Would you recommend 6 weeks in the fall or right before spring? I am guessing the spring. I like the wine cooler idea. I have never done a brumation. Maybe next winter a 6 week for a first time sounds less stressful for tortoise mom. 

ps. I love the the big smile by the new addition


----------



## pandio (Apr 27, 2014)

I saw this one that explained it a little better.


----------



## lynnedit (Apr 28, 2014)

'Russian Tortoises in Captivity' by Jerry Fife has a good description. He also mentions a wine cooler; no freezer.
If I did it for 6 weeks, I would wait until January if possible, so when they wake up, you start getting some fresh weeds to feed them.

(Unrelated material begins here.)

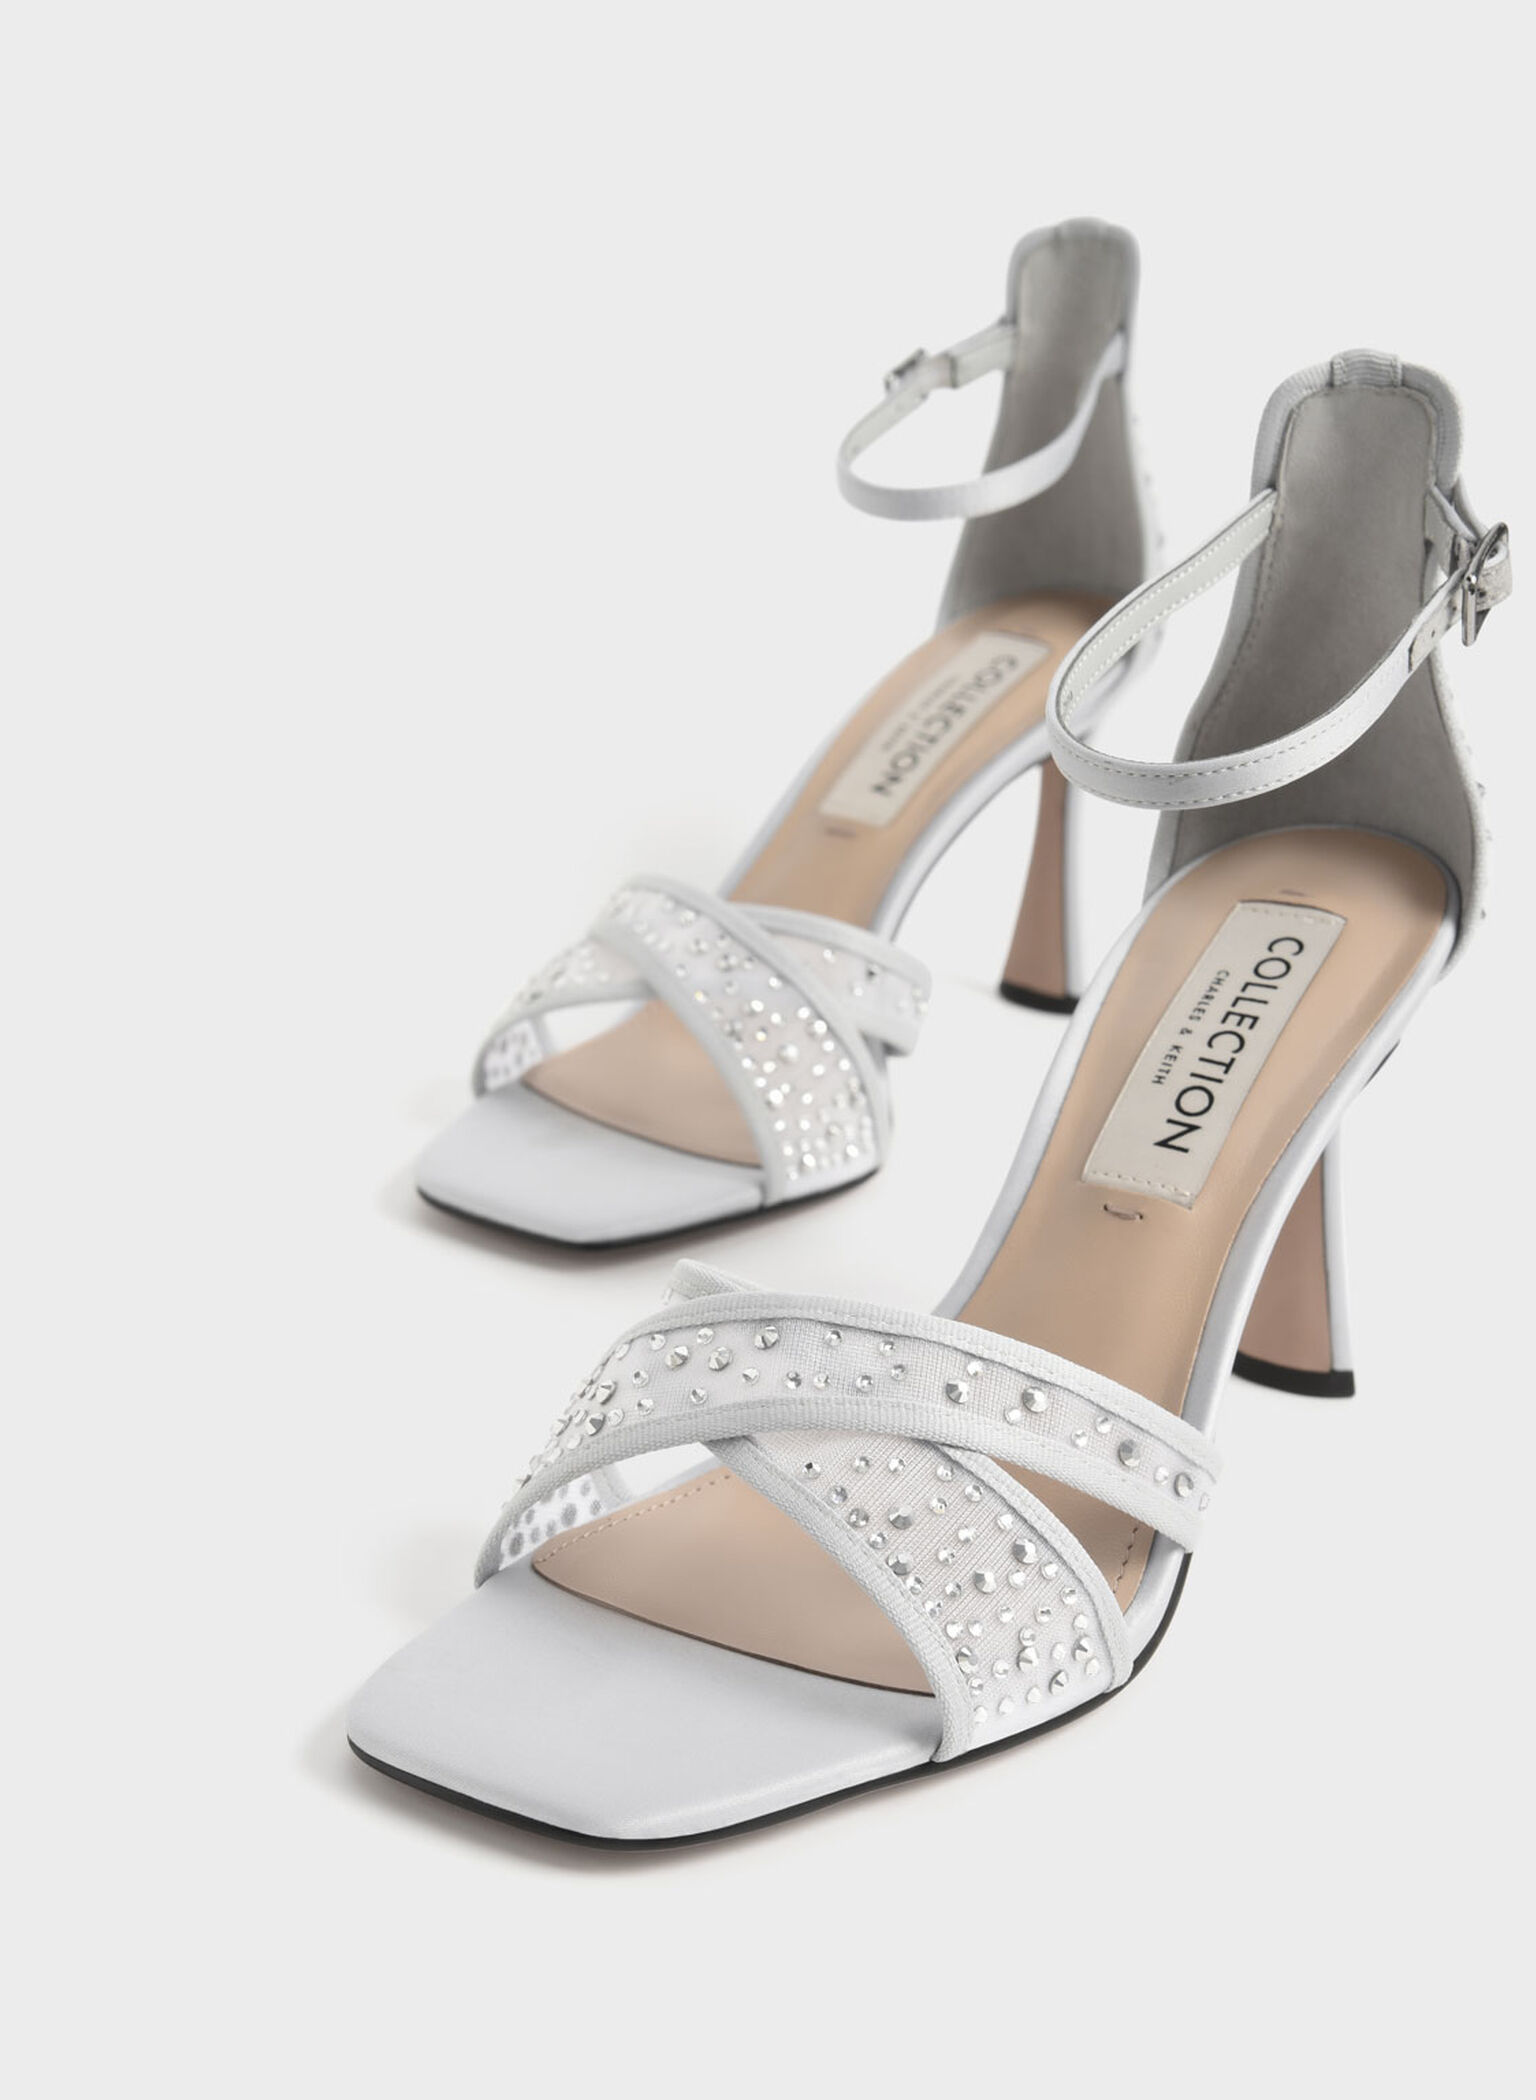 Blythe Mesh & Satin Embellished Sandals, Silver, hi-res

And I tend to brumate tortoises that wind themselves down.
Not everyone has to, if your tortoise happily over winters.
If you choose not to, get your new UV bulb in the Fall so it is fresh for the winter.


----------



## enchilada (Aug 11, 2014)

dont put tropical tortoise in fridge.


----------



## phebe121 (Sep 8, 2014)

I dont think i could ever do that to my torts seams so wrong it may not be but to me it is this is my first year with mine and im keeping them up no way would i do this iv only had them about 40 ish days


----------



## johnsonnboswell (Sep 8, 2014)

I'll admit I didn't watch it do I don't know if this was mentioned: some people recommend taping a pencil to the refrigerator gasket to get a little air exchange. 

My crew takes a rest during the darkest part of the year, sleeping a lot and eating less. That's also the time I withhold water from plants. Everything perks up as the light returns.


----------



## THBfriend (Sep 9, 2014)

johnsonnboswell said:


> some people recommend taping a pencil to the refrigerator gasket to get a little air exchange.


I wouldn't recommend that. You don't need to compromise the insulation of your fridge, you're supposed to open the fridge door for a minute or so, every couple of days.

My young Hermann's tortoises hibernate in a fridge, too. For the same duration they use in their natural habitat, about 21 weeks. Even hatchlings. That might seem like a long time, but it's absolutely no problem when done properly. Novices should start with a shorter period like 6-8 weeks until they've gathered enough experience.


----------



## johnsonnboswell (Sep 10, 2014)

THBfriend said:


> I wouldn't recommend that. You don't need to compromise the insulation of your fridge, you're supposed to open the fridge door for a minute or so, every couple of days.
> 
> Breaking the seal with a pencil accomplished the same thing as opening the door. It doesn't permanently damage the gasket, I think. For anyone who might be inclined to forget to open the door regularly, it might be an option.
> 
> .


----------



## Tom (Sep 10, 2014)

I use the hollow body of an emptied out pen for this. I like the rigidity of the tube and that small amount of airflow has worked well for me. I don't typically open the door for weeks at a time in the middle of hibernation. I just watch the inside temps from the outside on my remote probed thermometers.


----------